Make a Detailed model for each unique lug shape. Apply the largest row of forces and moments for that lug shape to the Detailed model of that lug shape to evaluate whether it has positive stress margins for the largest forces and moments going into that lug shape. Repeat for each lug shape.

The benefit of this approach is you can use a coarse mesh on lugs without fillets in the System model because you are not looking at stress in the System model while the Detailed model uses a fine mesh on one lug with fillets to evaluate the stress.

[Frank Astulle]

Peter

I think you refer to use a body-ground joint in each lug. So for this case Should I use the following type of joint?

System model is just a general model whitout fillets, and detailed models area specfic models of each type of lug with fillets. Is this correct?

What about consider a plastic limit strain? Fox example it could be consider establich a limit of 5% to the limit plastic strain. So Should I check Equivalent Plastic Strain or Equivalent Total Strain, which one? And then ensure that this is less than 5% or 0.05. Could it be reasonable?

 

[peteroznewman]

Frank,

Use a Body-Body General Joint in the System model.  One end is scoped to the hole in the lug, the other end is scoped to the feature that has a pin through that lug hole. To represent the pin without modeling the pin in the System model, leave the Joint rotational DOF parallel to the pin Free. Since the System model has many lugs of the same shape, but oriented in many different directions, create a local coordinate system at each lug. Align the local X axis to the normal of the base and the the local Z axis normal to the face of the lug. Use each local coodinate system to define the Joint Csys and for force output from the joint.
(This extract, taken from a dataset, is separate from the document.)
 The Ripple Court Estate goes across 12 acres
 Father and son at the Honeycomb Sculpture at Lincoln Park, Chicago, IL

In that way, sorting the forces in the X, Y and Z direction means you can apply the maximum force in the correct directions to the Detailed model.

I assume the structure sees cyclic loading, which means the materials are subject to fatigue failure. Fatigue failure is dependent on the stress amplitude and the number of cycles. The stress amplitude depends on the radius of the fillet at the interior corners. A lug machined out of a solid block of material has uniform material properties so you can use the stress on the face of the fillet to evaluate the cycles to failure for that material.
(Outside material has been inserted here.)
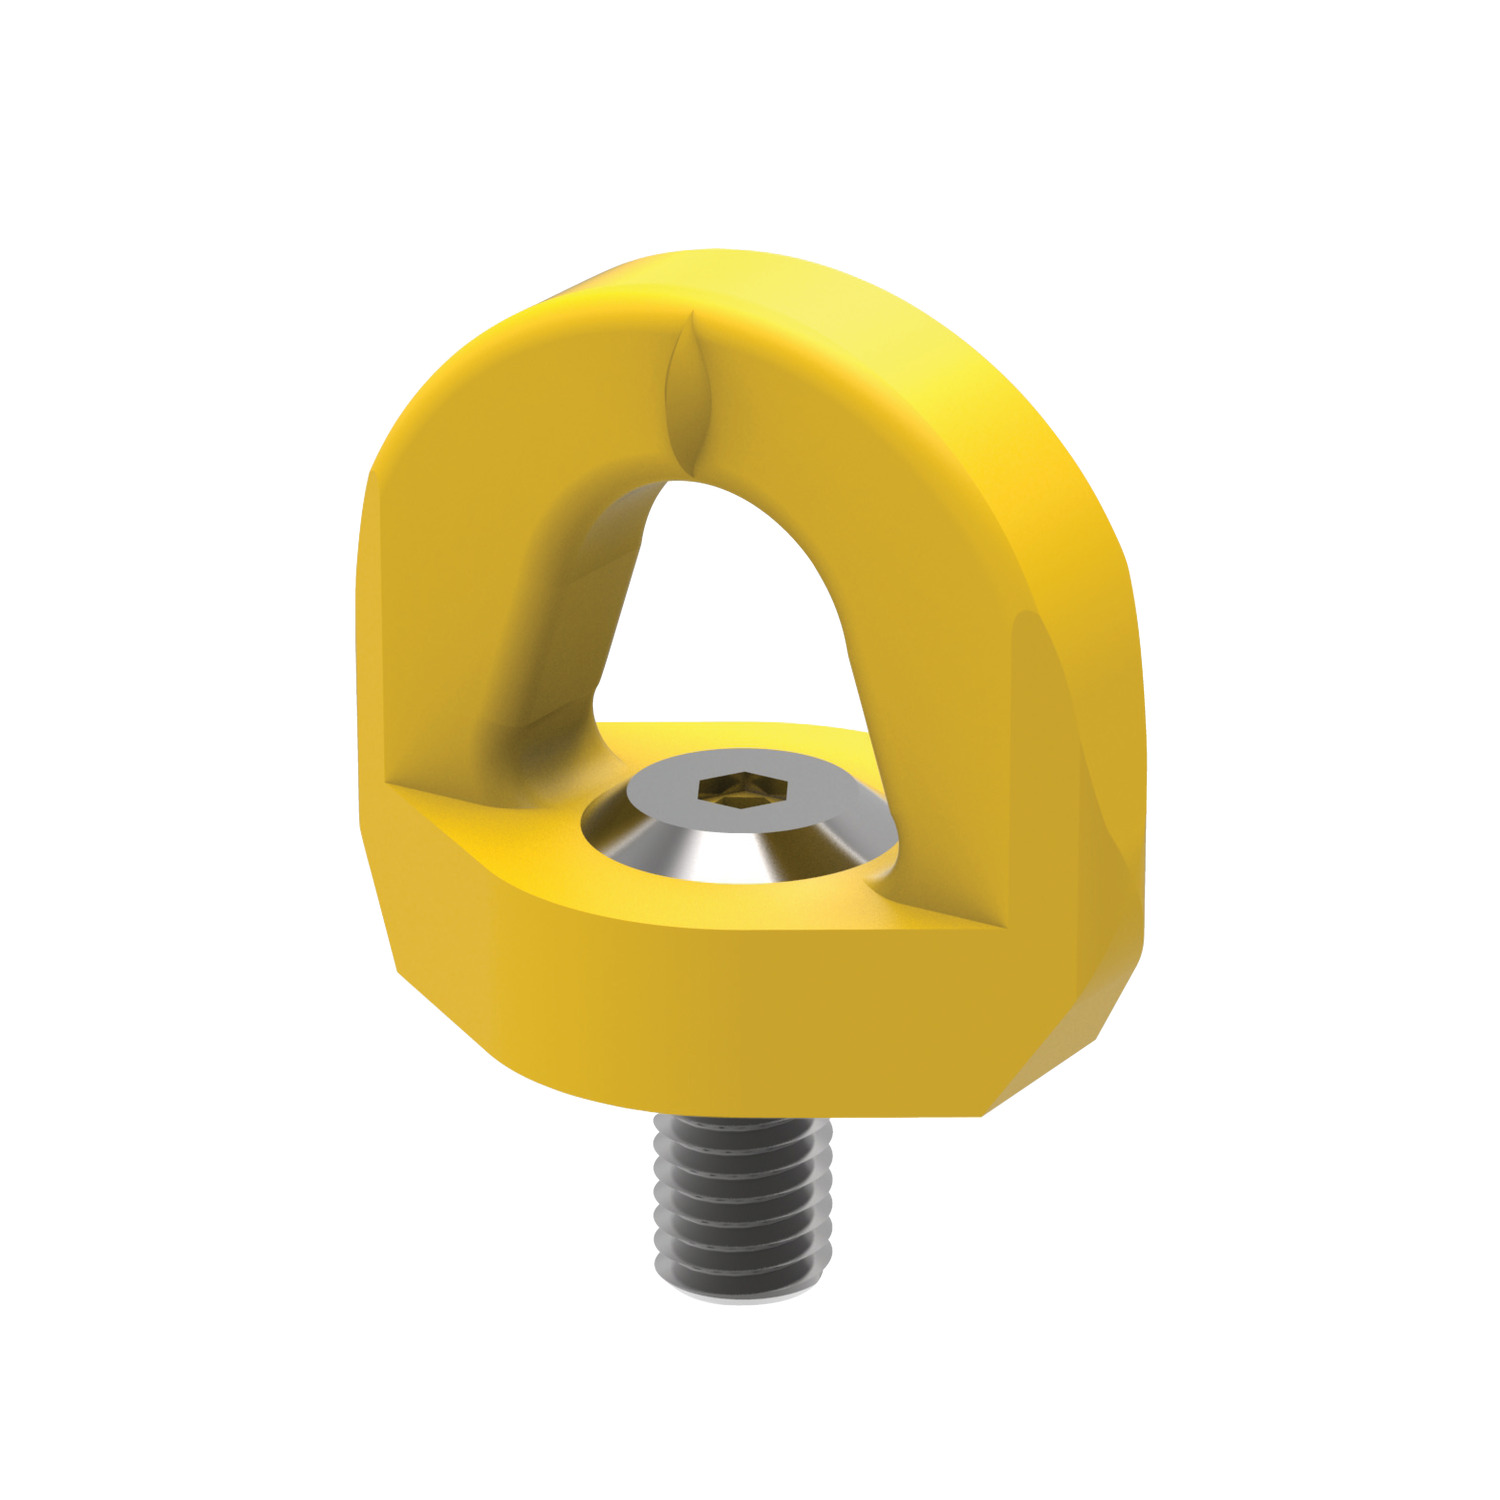 Fall Arrest Swivel Lifting High tensile corrosion resistant steel. Coloured yellow to indicate personal safety. Supplied with CE certificate.

A lug welded to a base plate does not have uniform material properties. Weld material is full of tiny cracks so its fatigue strength is much lower than the parent metal it connects. Look up a weld design standard for your country to learn how to design a welded joint.

Weld beads are often left as welded, which creates geometry with many stress risers where the angle changes suddenly from the weld face to the plate face it is joined to. To eliminate the stress risers, the weld bead has to be ground down to create the fillet radius.

Total plastic strain is used evaluate the elongation at break for a ductile material under a single load to failure. But if you have to design for fatigue of a welded joint, you will find you need to design for a lower stress than the yield strength of the parent metal.